The producer’s risk, $\alpha$, is obtained as follows:

$\begin{array}{c}\alpha =1-0.8291\\ =0.1709\end{array}$

Thus, the producer’s risk when $p_0=.05$ is 0.1709.

Here, the producer’s risk obtained using $p_0=.03$ is approximately equal to 0.075.
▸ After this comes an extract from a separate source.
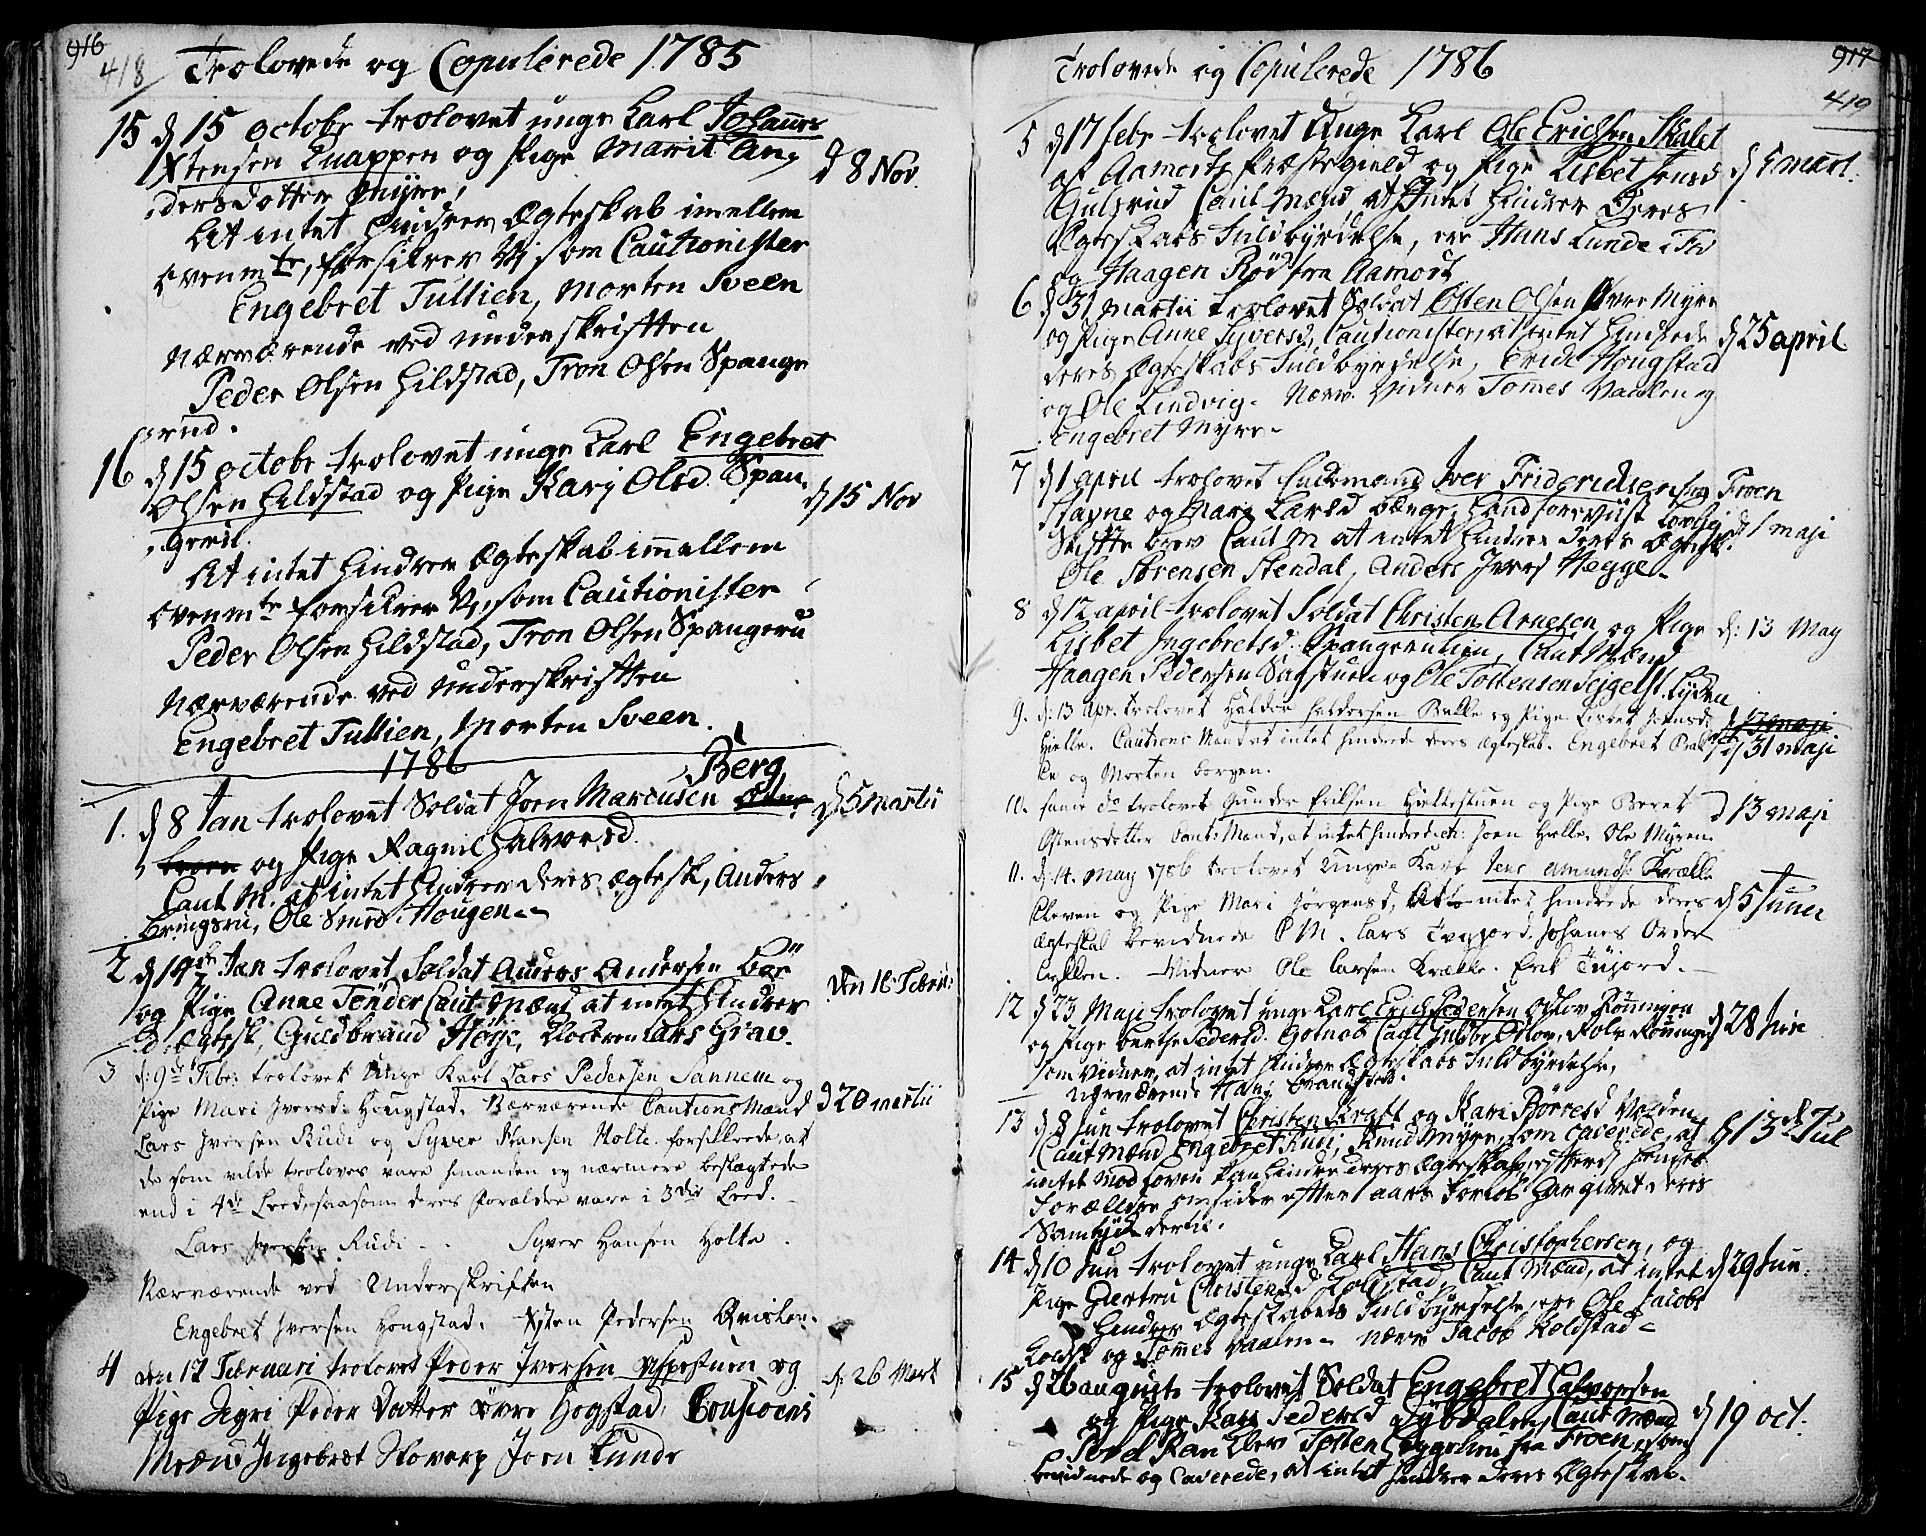 SAH, Ringebu prestekontor, Ministerialbok nr. 3, 1781-1820, s. 418-419

Therefore, the fraction defective at which the producer would tolerate a probability of rejecting a good lot of 0.075 is 0.03.

b.

To determine

Find the consumer’s risk associated with this plan when $p_1=0.25$.

Answer to Problem 24SE

The consumer’s risk when $p_1=.25$ is 0.0802.

Explanation of Solution

Calculation:

The probability of accepting the lot when $p_1=.25$ is calculated as follows:

$\begin{array}{c}P\left(\text{Accepting lot}\right)=f\left(0\right)+f\left(1\right)\\ =\frac{15!}{0!\left(15-0\right)!}{\left(0.25\right)}^0{\left(1-0.25\right)}^{\left(15-0\right)}+\frac{15!}{1!\left(15-1\right)!}{\left(0.25\right)}^1{\left(1-0.25\right)}^{\left(15-1\right)}\\ =\frac{15!}{15!}{\left(0.75\right)}^{15}+\frac{15!}{14!}\left(0.25\right){\left(0.75\right)}^{14}\\ =0.0134+15\left(0.25\right)\left(0.0178\right)\end{array}$

                            $\begin{array}{c}=0.0134+0.0668\\ =0.0802\end{array}$

Thus, the probability of accepting the lot when $p_1=.25$ is 0.0802.

The consumer’s risk, $\beta$, is $\beta =0.0802$.

Thus, the consumer’s risk when $p_1=.25$ is 0.0802.